Side-by-Side Summary

Metric	MCP	Skill	Difference
20-step test total	~92,100 tokens	~3,200 tokens	29x cheaper
Context consumed	~61%	~2%	59% more available
Context remaining	~58K tokens	~147K tokens	2.5x more headroom
Cost at $15/M tokens (input)	~$1.38	~$0.05	28x cheaper

What You Do with the Saved Context

The 147K tokens saved by using skills instead of MCP can hold:

Content	Approximate Tokens	What It Enables
10 source files (~200 lines each)	~30,000	Agent reads and modifies code
Full test suite definition	~10,000	Agent understands all tests
Error analysis + debugging	~20,000	Agent reasons about failures
Conversation history	~50,000	Agent remembers earlier context
Total additional capacity	~110,000	A richer, more capable agent

When Token Cost Doesn't Matter

If you're using Gemini with a 1M+ context window, the token efficiency argument is much weaker. You can afford MCP's overhead and still have plenty of context.

However:

API cost still matters (you pay per token)
Latency scales with tokens (more tokens = slower responses)
Quality can degrade with very long contexts (attention dilution)
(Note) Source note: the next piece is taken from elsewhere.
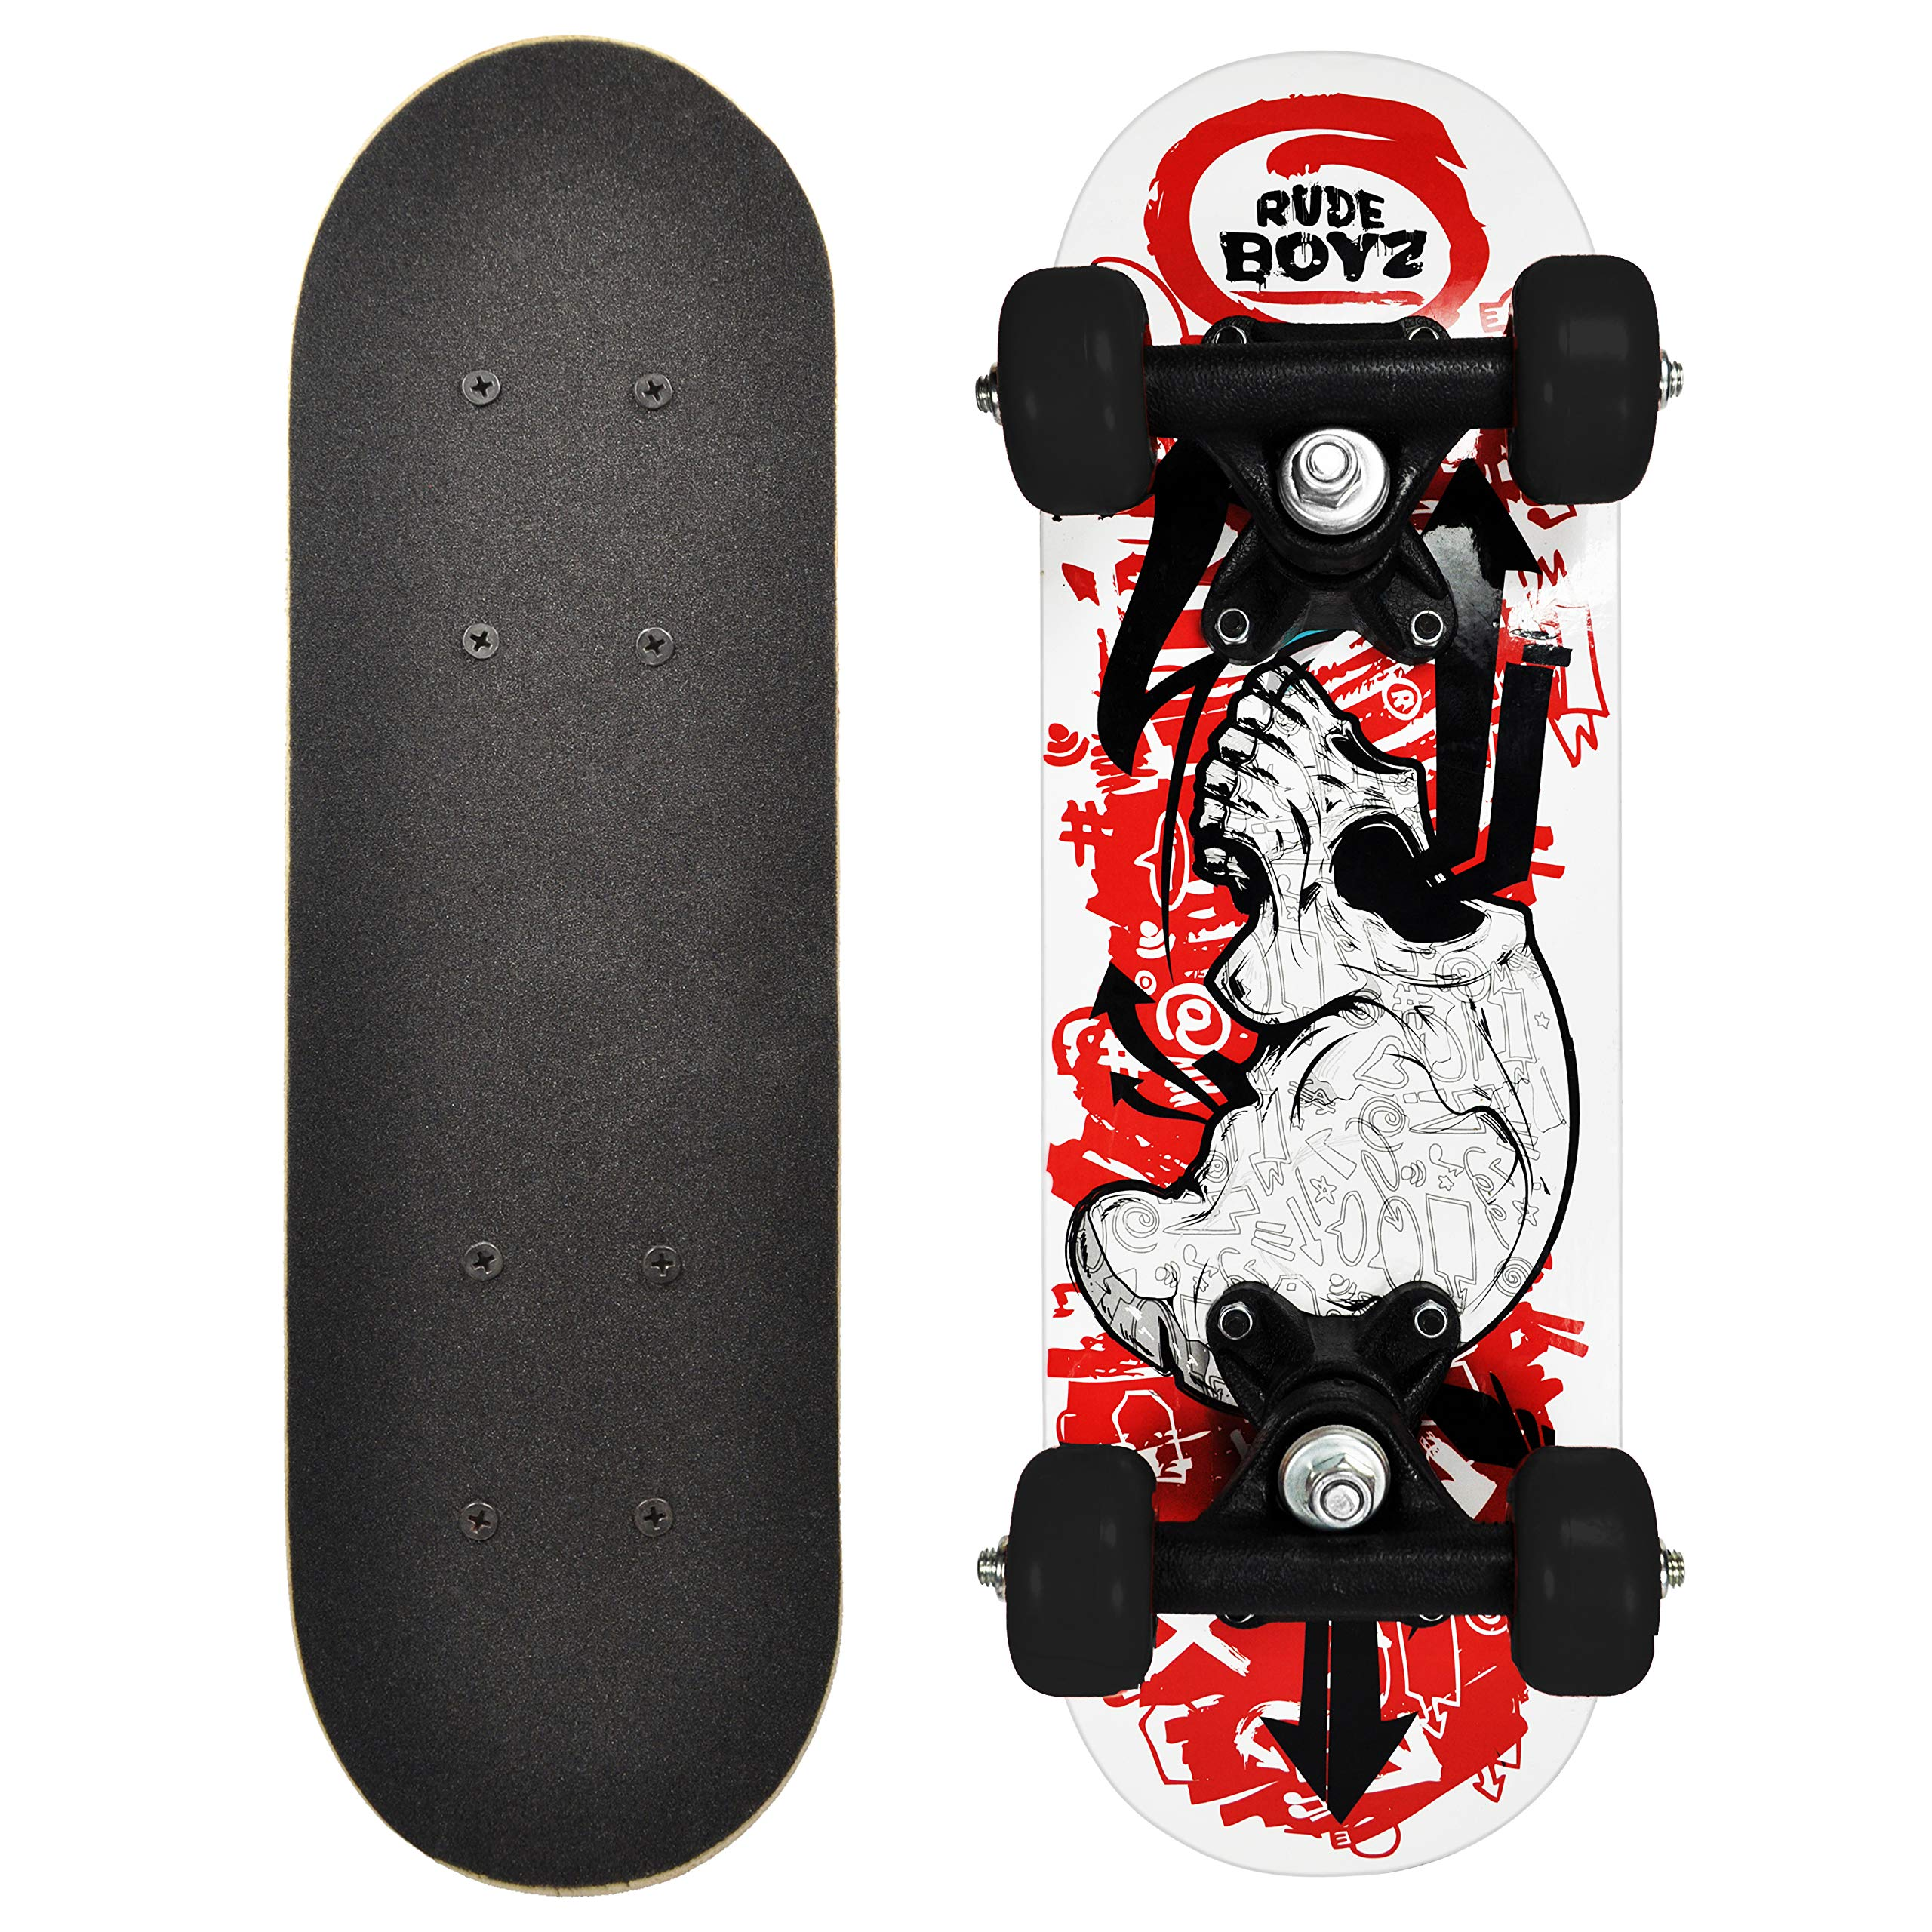 RudeBoyz 17 Inch Mini Wooden Cruiser Graphic Beginner Skateboard (Skull Design) by RudeBoyz

So even with large windows, keeping things lean is still beneficial.

Interview Talking Point

"I've done the math on token costs. A 20-step test via MCP consumes about 92,000 tokens — 61% of a 200K context window — primarily from tool schemas loaded every turn and accessibility trees. The same test via CLI skill costs about 3,200 tokens — 2% of the window. That's a 29x reduction. More importantly, it means the agent has 147K tokens available for reasoning about test logic, analyzing failures, and maintaining context across the session. At $15 per million input tokens, each test run costs $1.38 via MCP versus $0.05 via skills. Across hundreds of CI runs per day, that's the difference between a viable approach and an unsustainable one."